I have a Bachelor of Science Degree in Financial Management and have been fortunate enough to find jobs where I was actually able to use that degree. The bulk of my professional career has been working as an analyst for a bank and an insurance company, and my coffee consumption, scrutiny, and tolerance has increased during this time. This isn’t really a flex (though it literally would have been a weird one if it was), it has something to do with this post’s topic.
I have mostly been sleep deprived. When I still had to travel to work, the long travel time from Cainta to wherever I was working at in the City (and back) was the major factor. I also had a stretch where I was working in the night shift, and still travelling from Cainta to the City and back (Cainta to Alabang to be exact). Even now that I’m working from home, sleep beyond 6 hours is a luxury during the work week. We’ve talked about the many benefits of coffee, but like everything it has a limit. I have read several posts recently about a study where coffee cannot really help the sleep deprived with more complex tasks.
The research was from the Sleep and Learning Lab at Michigan State University. It involved 275 participants who performed both simple and complex tasks. They were then randomly chosen to either sleep at home or spend a sleep-deprived night that was supervised by the lab. The participants were given 200 mg of caffeine the next morning (some were given a placebo, some of them had one the worst days of their lives) and again asked to perform both the simple and complex tasks..
The simple task is what they call a Psychomotor Vigilance Test (PVT) which as I understand is a simple attention task, while the complex task is a place keeping task called UNRAVEL where subjects need to complete tasks in a specific order without skipping or repeating steps (healthday). The sleep deprived, who really may have had such an awful day when the test was being conducted, failed both tests the second day. Those sleep deprived who got caffeine were able to power through PVT but caffeine did not provide much help with UNRAVEL.
To simplify the findings, it seems that coffee will help us stay awake and alert during the day when we’re sleep deprived. However, it is not advisable to perform overtly complex tasks as caffeine did show any signs of being able to help. I was not kidding about how simple that summary is.

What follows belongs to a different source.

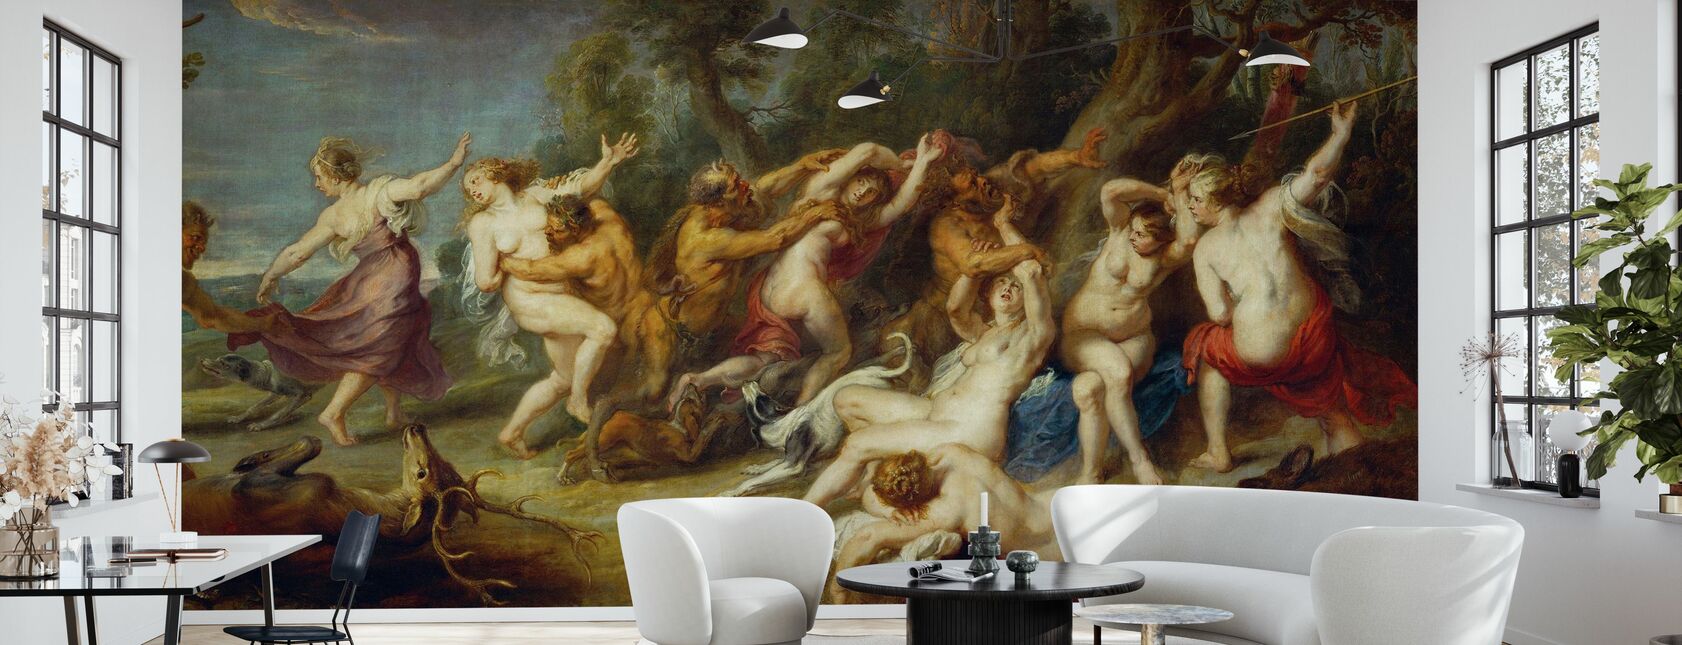 Diana og hennes nymfer, Peter Paul Rubens - Tapet - Stue

I barely slept 6 hours a day while I was an analyst. And when I was on the night shift, travelling from Cainta to Alabang, let’s just say it’s a miracle I was able to last long enough to get promoted a couple of times (now that’s kind of a flex, still weird and awkward though). I like to think my work was complex, digesting information about a company and understanding their financial statements, analyzing the data and coming up with a risk assessment for the client, all with the pressure of turning around the report as quickly as possible – not a lot can do it (though a lot who can definitely are better than me).
Of course I drank a lot of coffee (and still do) and from my observation it did indeed help keep me awake, although it would not be uncommon to see me be lethargic at certain points of the day. At the time I thought coffee helped me be as sharp as I can while analyzing the credit worthiness of these clients. I now, having read these articles, cannot help but think of how much better I could have been in this field if I was able to get ample amounts of sleep every day.

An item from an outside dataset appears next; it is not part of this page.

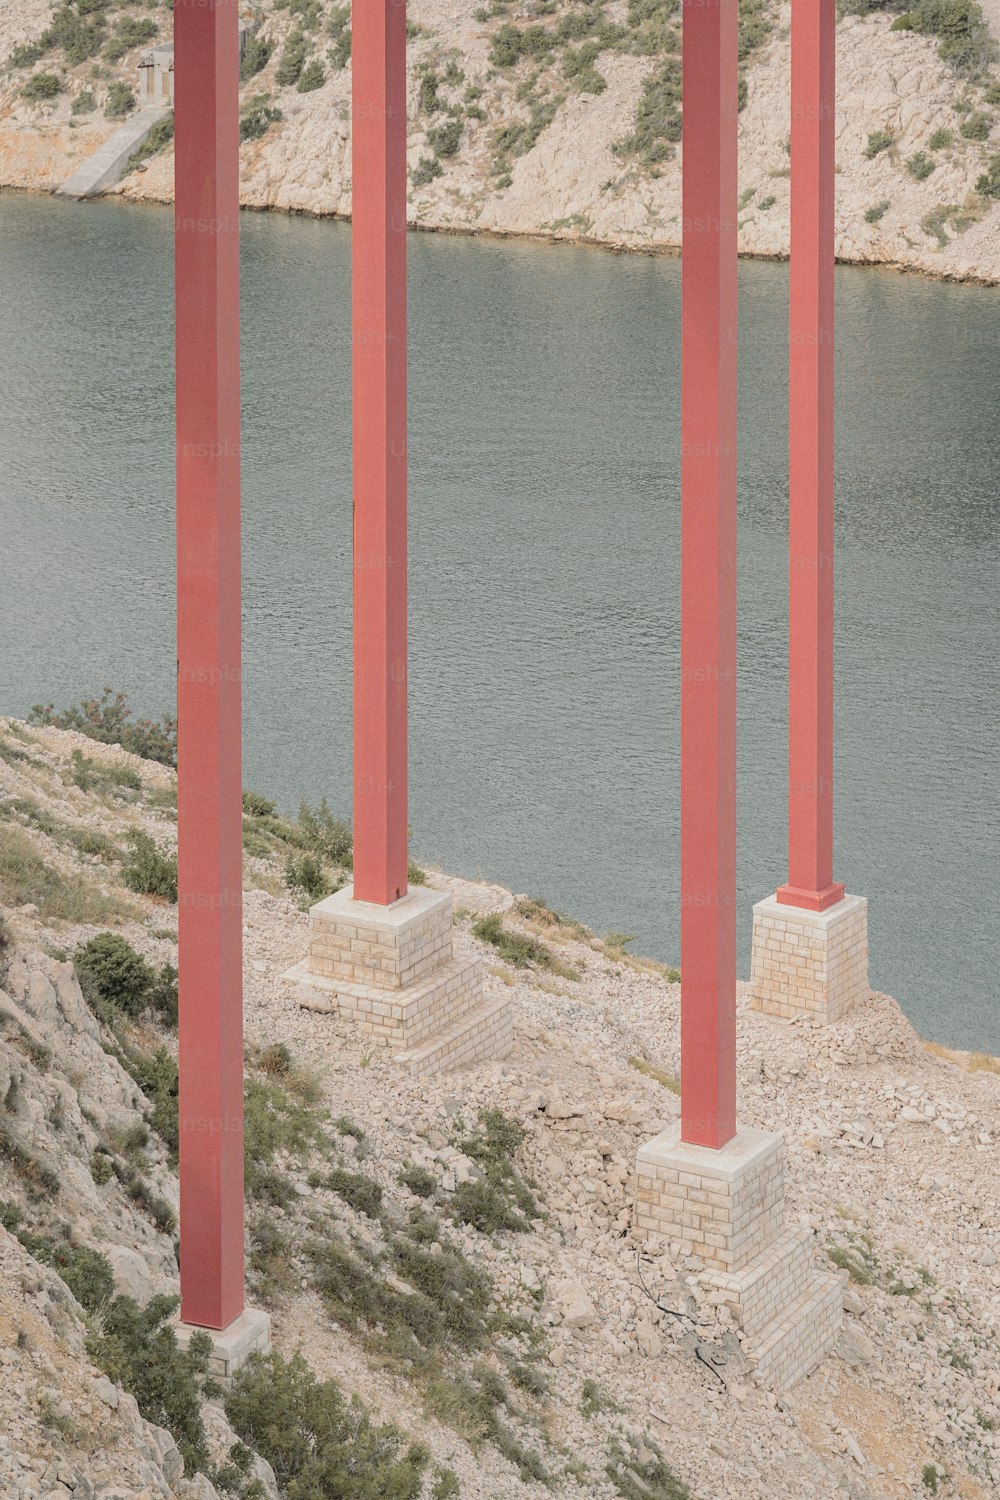 水域の横にある赤い柱の列

You can read the articles and the published results of the study in the links I’ll provide below, this post really was mostly about me. I wanted to take this opportunity to write something about my work experience since I recently got reminded by Facebook (you can follow me there, BTW) about when I started working. I touched upon it earlier as well, I also reminded myself of a time when second wave coffee was luxury for me at my salary to my coffee preference now. Past me would be happy to know that future me still drinks coffee while doing something I have always wanted to do – writing (no matter how messy and weird it is).